How do you define your vision and core ideology (purpose and values)?

When my cofounder and I started Dream See Do, one of the first things we did was to define our vision and values. It has been a vital part of our business ever since, and a key contributor to our growth and wellbeing as a company. There were not a lot of simple, clear, and helpful resources about this topic several years back, so we dipped into the Harvard Business Review (HBR) archives (at the suggestion of one of our early advisors) and read a fantastic article entitled: ‘Building Your Company’s Vision’. It was a bit humorous (in 2013) to read stories about some of the companies in 1996, a time right before the first dot com bust, but the insights and tips were timeless. Ever heard of the term: BHAG? The authors of this article, Collins and Porras coined that phrase: Big Hairy Audacious Goals, another (more awesome) way to define one’s vision.

If you are in the business of empowering some type of human transformation, we believe that it is hyper critical to firmly tone your own vision, purpose and values before you can ever make the impact you intend to bring to this planet. Every business should ideally walk through this process in the early days in their business, and continue to intentionally check in on and refine these core philosophies — but particularly in fields of human and social impact. Doing so will help you drive your strategic priorities, stay true to your core values as you hire new team members, galvanize that team around your vision and help you navigate challenging decisions along the way. So how can you effectively craft your vision, purpose, and values? It takes some work and time, but there are a few key things you can do to begin.

Understand what it is
Collins and Porras believed that vision can be best described as one’s ‘core ideology and envisioned future’. The ‘core ideology could be further broken down into purpose and values’. This article focuses on the Purpose Statement. To ensure we stay on the same page of operational definitions, I’ll note that some folks use the terms, ‘vision or mission statements’ for a very similar concept. Stay tuned for follow-up articles about company values.

“A well-conceived vision consists of two major components: core ideology and envisioned future. Core ideology, the yin in our scheme, defines what we stand for and why we exist. Yin is unchanging and complements yang, the envisioned future. The envisioned future is what we aspire to become, to achieve, to create something that will require significant change and progress to attain.” — Collins and Porras

Keep things simple and clear
It’s easy to get stuck in the weeds when trying to write and articulate one’s vision. There are often so many things we want to accomplish and people we want to help. But it’s super important that we hone in on language that can be easily understood by your clients, users of your products/services, investors, media, etc. An industry colleague told me years ago that you should be able to share your vision and purpose with a 5 year old, so that they can understand it. Now this may be a stretch depending on the work you do (and the vocabulary of the 5 year old) but the point is well taken.
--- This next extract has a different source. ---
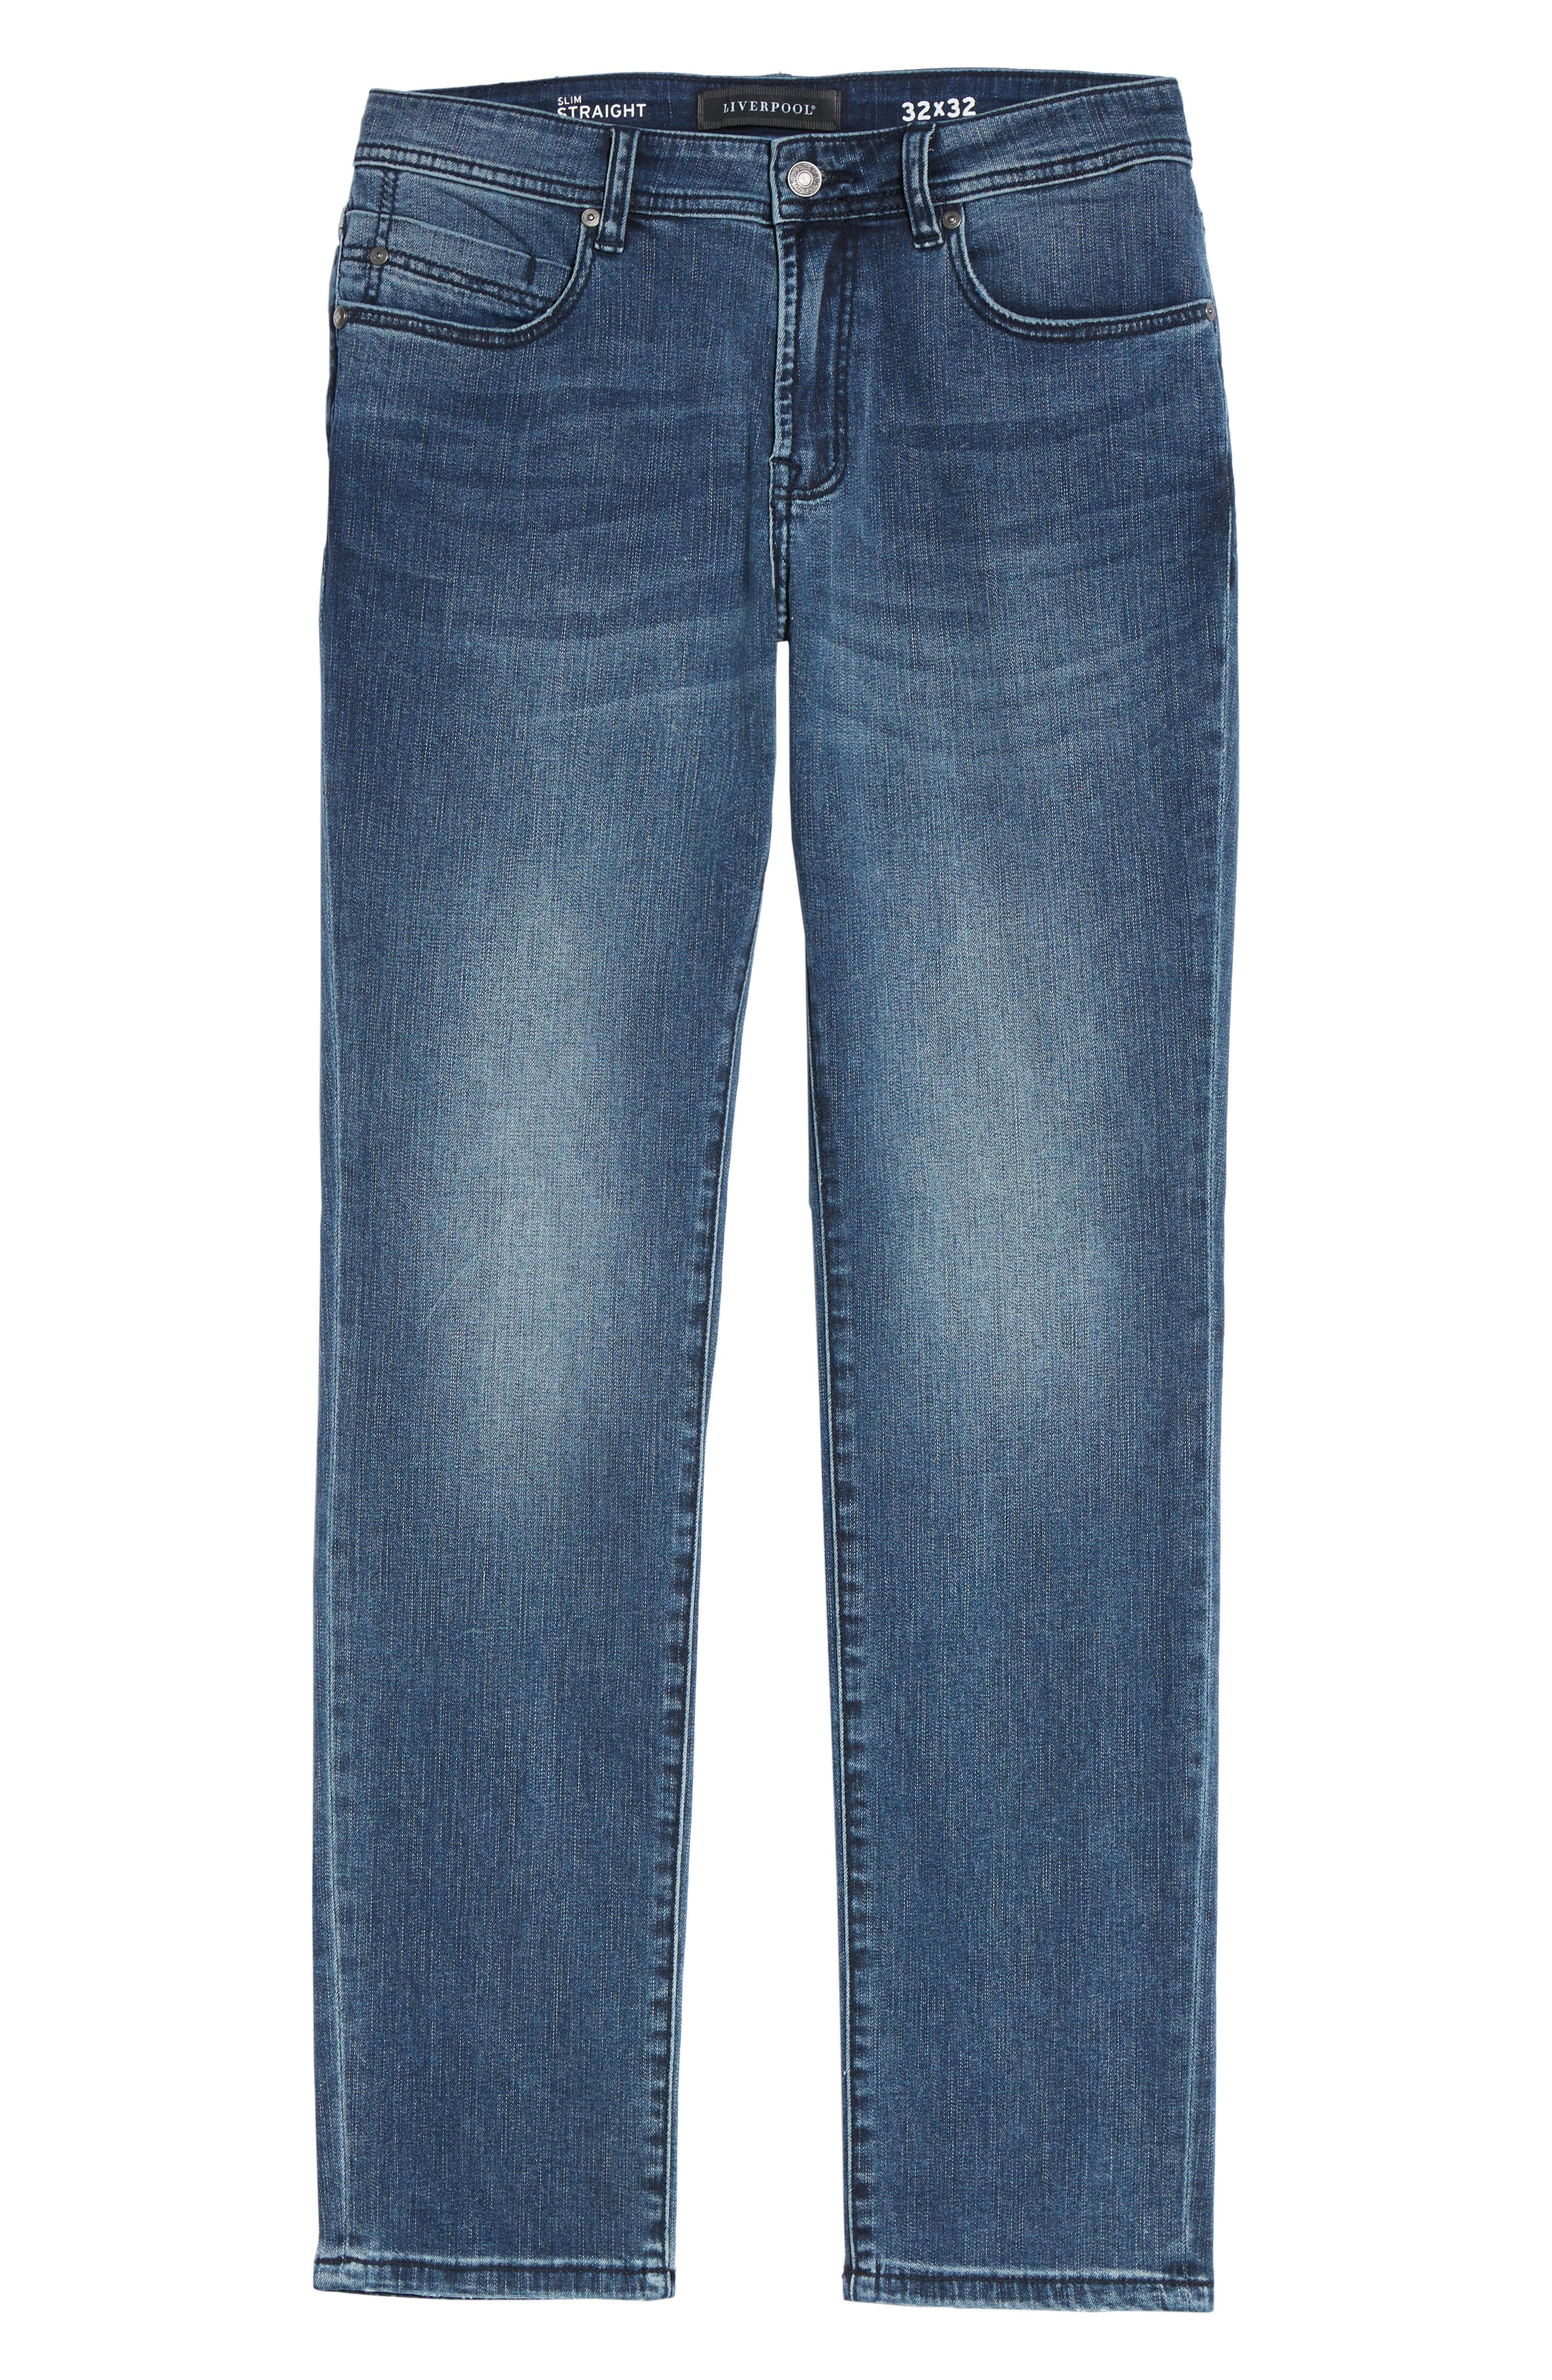 Jeans Co. Slim Straight Leg Jeans,                             Alternate thumbnail 6, color,                             Southaven Mid Blue

As the HBR article referenced above spells out, a purpose statement should be broad in scope, yet succinct in language. It’s a 30,000 foot view of what you want to do, who you want to impact, and how. Our current purpose statement is: “To unlock human potential in individuals, organizations and the world, by activating connection, support and transformation through online learning communities.”

Socialize with your team
In order for a purpose to be understood and embraced, it is important that the leaders of any organization share it with their team, early and often. This can be through large team meeting, retreats and workshops, or through small one-on-one conversations or team retrospectives. Staying connected to the purpose of the company, galvanizes the team around that purpose. We also believe it’s important to periodically garner feedback and insights about the company purpose and values from your team. This enables people to feel totally vested in the vision of the company, and aligned to its purpose. This leads to more committed and happy employees, and in turn to stronger morale, culture and retention of key talent. If you do not have a ‘team’ like my cofounder and I experienced for several years, find thought partners, advisors, and allies. Seek out people that care about your purpose and want to help you along the way. Even as we have grown our team, we have retained this important practice, and it’s been invaluable to our growth and maturity as a company.

You vision will evolve over time
Like anything in life, our perspective shifts, grows, and matures over time. You may have the same general desires over a 5–10 year period, but your lens will inevitably rotate (at least a bit). If you continue to approach your vision with intention and grounding, this can lead to profound learnings about how to hone your true purpose and values. Our vision statement has definitely evolved over the last 5 years. What you start with may not be the same thing you land on several years in. Most likely, it will have a similar tone and feel, especially if you tap into what your heart(s) and mind(s) truly desire. Here are a couple of our initial vision statements to see how they have grown over time: 1) To help people convert their passions and interests into both sustainable educational and career decisions and fulfilling life outcomes. and 2) To connect people to learn together as communities and make the world more resilient and giving. Though our intention to help people in areas of personal and professional transformation has not changed, our original purpose statement was more narrow and focused on one particular area. Since then we have broadened our vision, while making our language more concise and powerful, one iteration at a time.

What is your vision for your work and impact on the world? Have you begun to articulate it?